This one also seems to fit the bill. “D” here is writing about his/her goals for the next six months and considers briefly how to accomplish them. Not heavy into the content of the business, so I’m happy here. On to topic 2:

sample(which(df.emails.topics$"2" > .95),3)
[1] 50356 22651 19259


I agree it is Matt, and  I believe he has reviewed this tax stuff (or at 
 least other turbine K's) before.  His concern will be us getting some amount 
 of advance notice before title transfer (ie, delivery).  Obviously, he might 
 have some other comments as well.  I'm happy to send him the latest, or maybe 
 he can access the site?
 Given that the present form of GE world hunger seems to be more domestic than 
 international it would appear that Matt Gockerman would be a good choice for 
 the Enron- GE tax discussion.  Do you want to contact him or do you want me 
 to.   I would be interested in listening in on the conversation for 

Here, the conversants seem to be talking about having a phone conversation with “Matt” to get his ideas on a tax discussion. This fits in with the meeting theme. Next!



Well, that was pretty social, wasn’t it? :) Okay one more from the same topic:


  Mime-Version: 1.0
  Content-Transfer-Encoding: 7bit
 X- X- X- X-b X-Folder: \ExMerge - Giron, Darron C.\Sent Items
 X-Origin: GIRON-D
 X-FileName: darron giron 6-26-02.PST
 Sorry.  I've got a UBS meeting all day.  Catch you later.  I was looking forward to the conversation.
 It seems everyone agreed to Ninfa's.  Let's meet at 11:45; let me know if a
 different time is better.  Ninfa's is located in the tunnel under the JP
 Morgan Chase Tower at 600 Travis.  See you there.

Woops, header info that I didn’t manage to filter out :( . Anyway, DG writes about an impending conversation, and Schroeder writes about a specific time for their meeting. This fits! Next topic!

sample(which(df.emails.topics$"3" > .95),3)
[1] 24147 51673 29717


Kaye:  Can you please email the prior report to me?  Thanks.
 Sara Shackleton
 Enron North America Corp.
 1400 Smith Street, EB 3801a
 Houston, Texas  77002
 713-853-5620 (phone)
 713-646-3490 (fax)

 	04/10/2001 05:56 PM
 At Alan's request, please provide to me by e-mail (with a  Thursday of this week your suggested changes to the March 2001 Monthly 
 Report, so that we can issue the April 2001 Monthly Report by the end of this 
 week.  Thanks for your attention to this matter.

This one definitely fits in with the professional sounding administrative emails interpretation. Emailing reports and such. Next!

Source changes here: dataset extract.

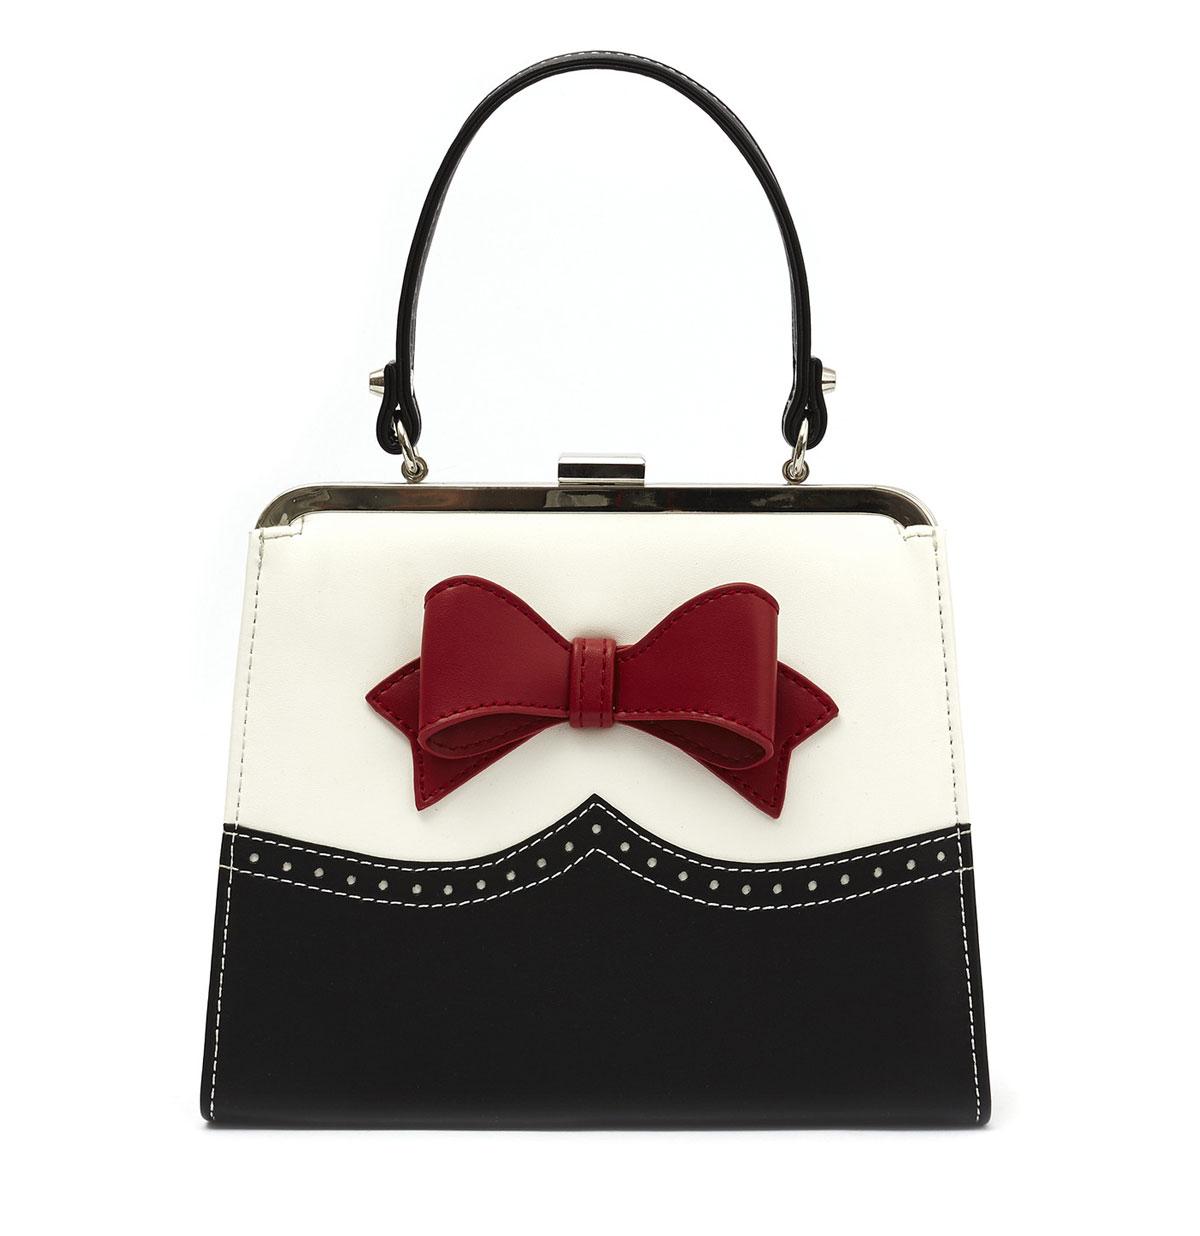 Inez Handbag Zwart/Creme/Rood
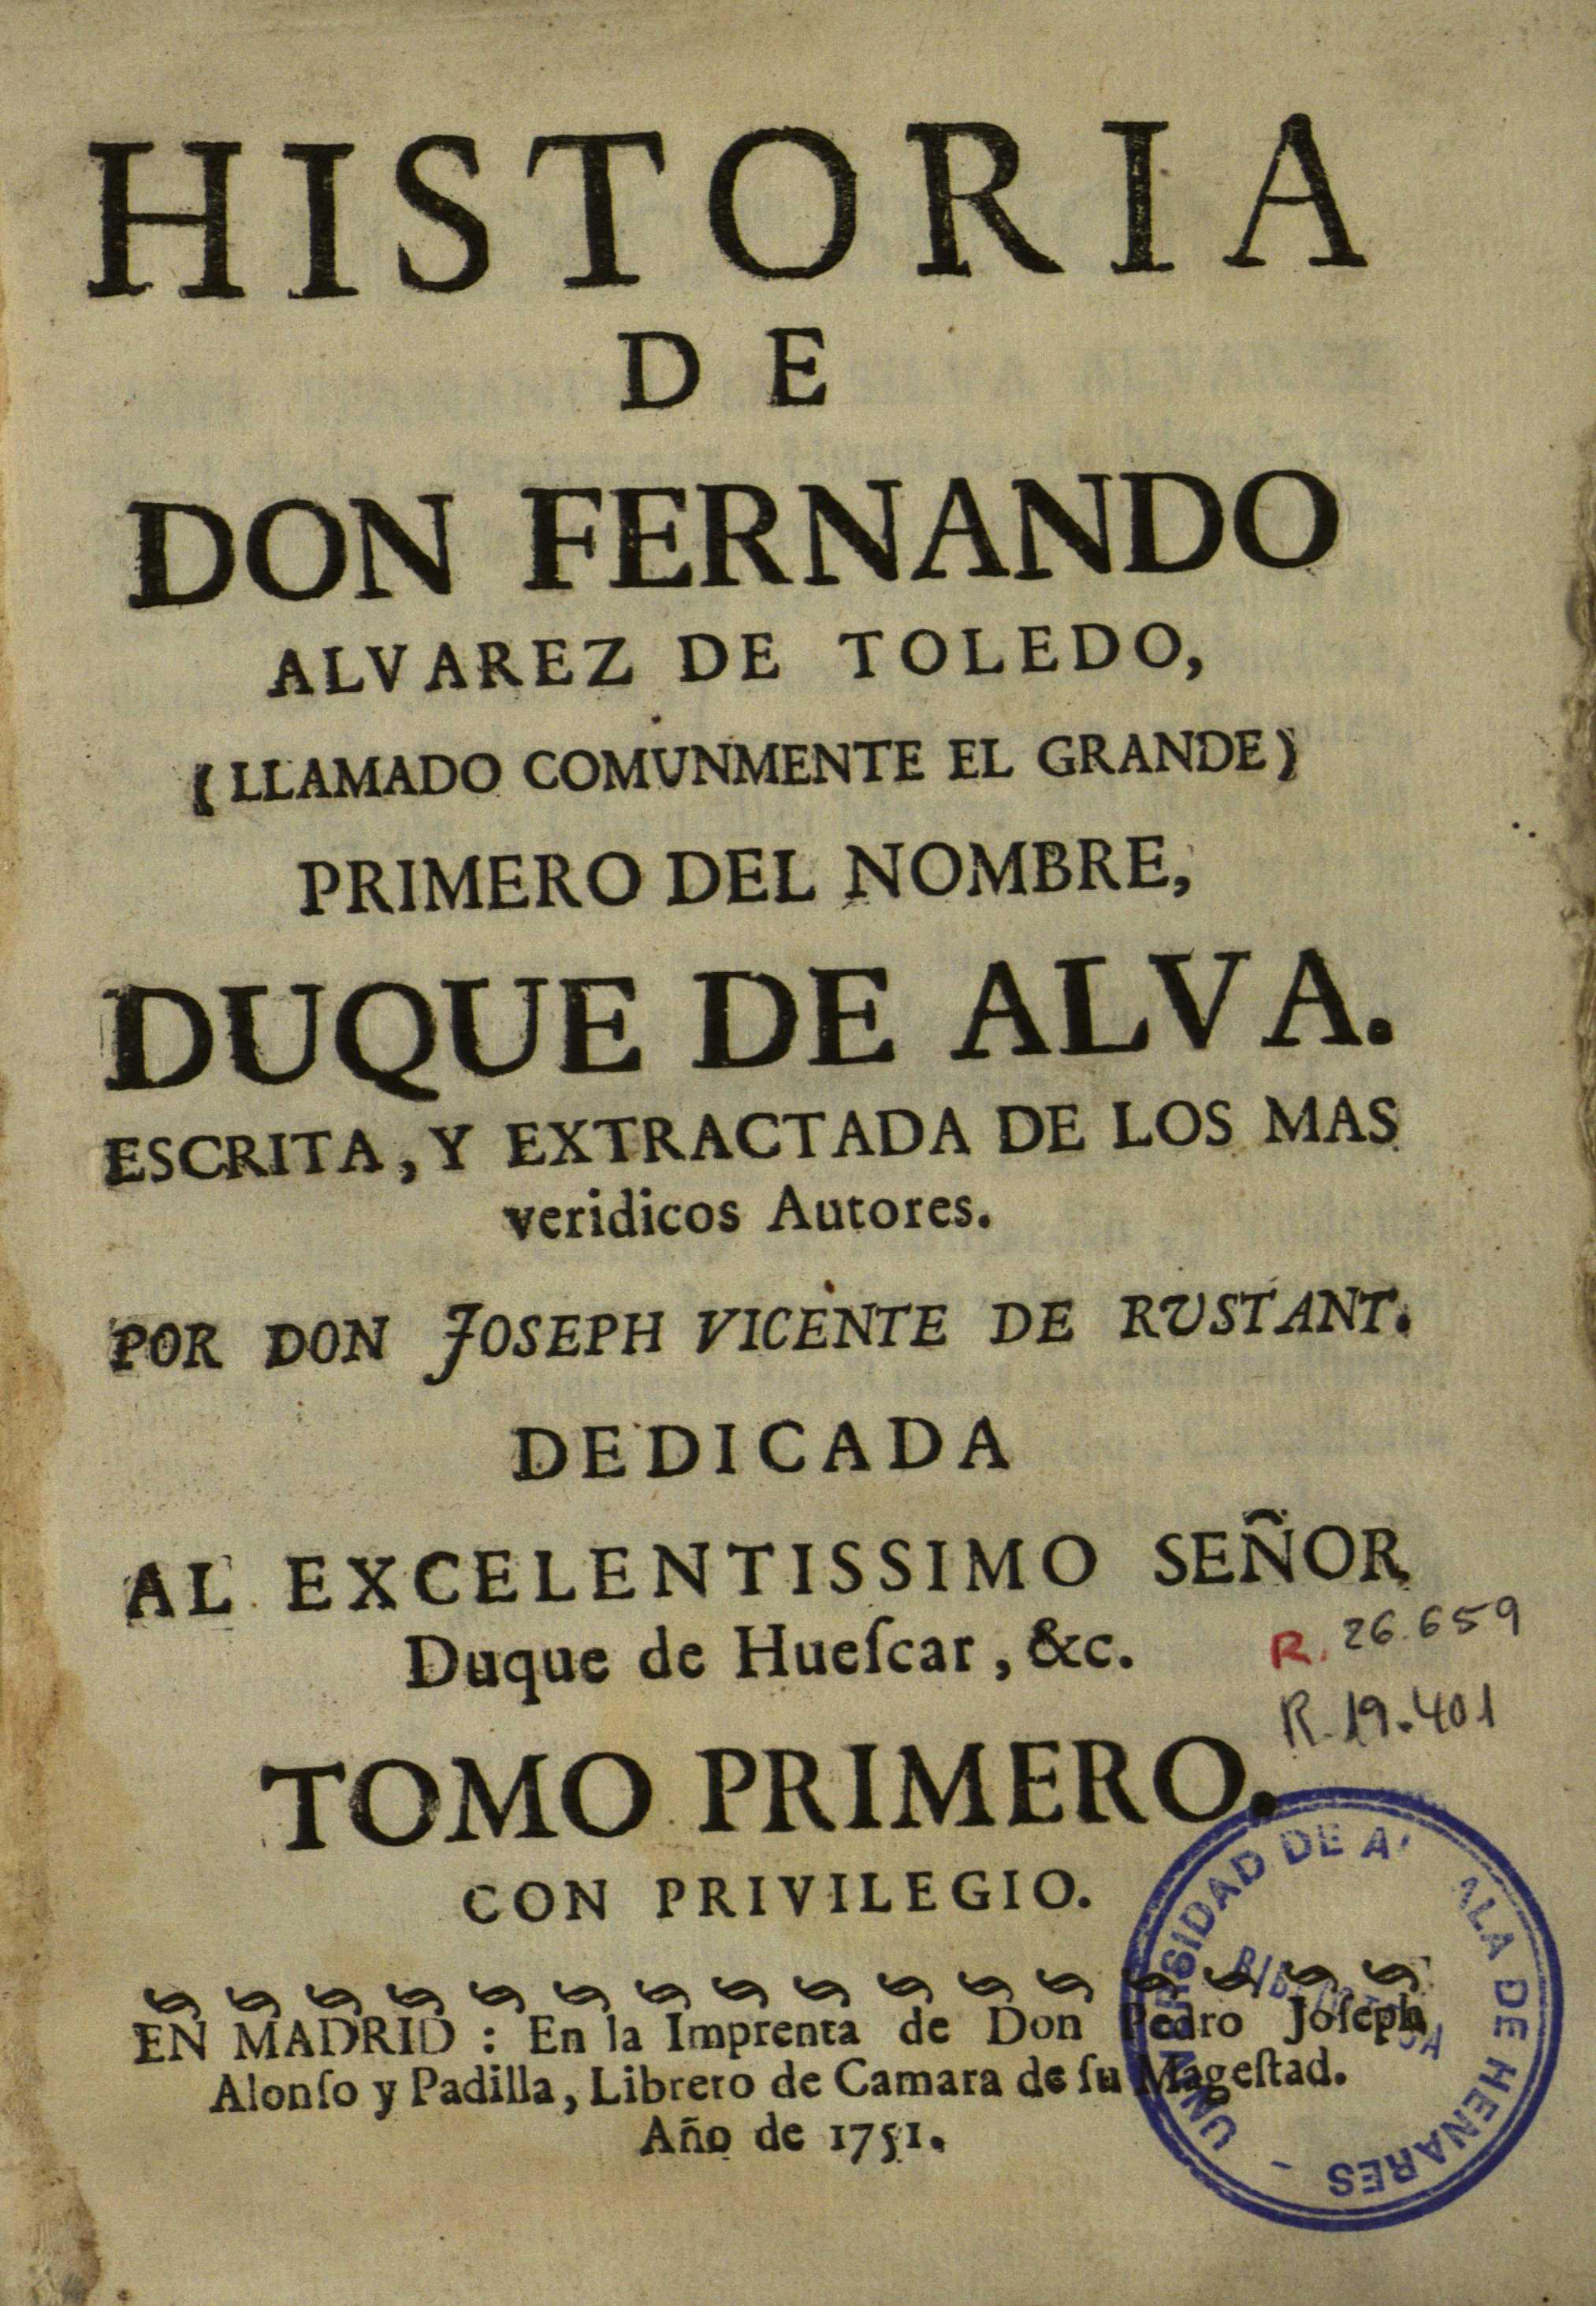 Historia de don Fernando Alvarez de Toledo ..., 1751

I believe this was intended for Susan Scott with ETS...I'm with Nat Gas trading.
 FYI...another executed capacity transaction on EOL for Transwestern.
 This message is to confirm your EOL transaction with Transwestern Pipeline Company.
 You have successfully acquired the package(s) listed below.  If you have questions or
 concerns regarding the transaction(s), please call Michelle Lokay at (713) 345-7932
 prior to placing your nominations for these volumes.
 Product No.:	39096
 Time Stamp:	3/27/01	09:03:47 am
 Product Name:	US PLCapTW Frm CenPool-OasisBlock16
 Shipper Name:  E Prime, Inc.
 Volume:	10,000 Dth/d  
 Rate:	$0.0500 /dth 1-part rate (combined  Res + Com) 100% Load Factor
 		+ applicable fuel and unaccounted for
 TW K#: 27548		
 Points:	RP- (POI# 58649)  Central Pool      10,000 Dth/d
 		DP- (POI# 8516)   Oasis Block 16  10,000 Dth/d
 Alternate Point(s):  NONE
 Note:     	In order to place a nomination with this agreement, you must log 
 	            	off the TW system and then log back on.  This action will update
 	            	the agreement's information on your PC and allow you to place
 		nominations under the agreement number shown above.
 Contact Info:		Michelle Lokay
 	 			Phone (713) 345-7932
               			Fax       (713) 646-8000

Rather long, but even the short part at the beginning falls under the right category for this topic! Okay, let’s look at the final topic:

sample(which(df.emails.topics$"4" > .95),3)
[1] 39100  31681  6427


 Randy, your proposal is fine by me.  Jim

Hrm, this is supposed to be a ‘business content’ topic, so I suppose I can see why this email was classified as such. It doesn’t take long to go from ‘proposal’ to ‘contract’ if you free associate, right? Next!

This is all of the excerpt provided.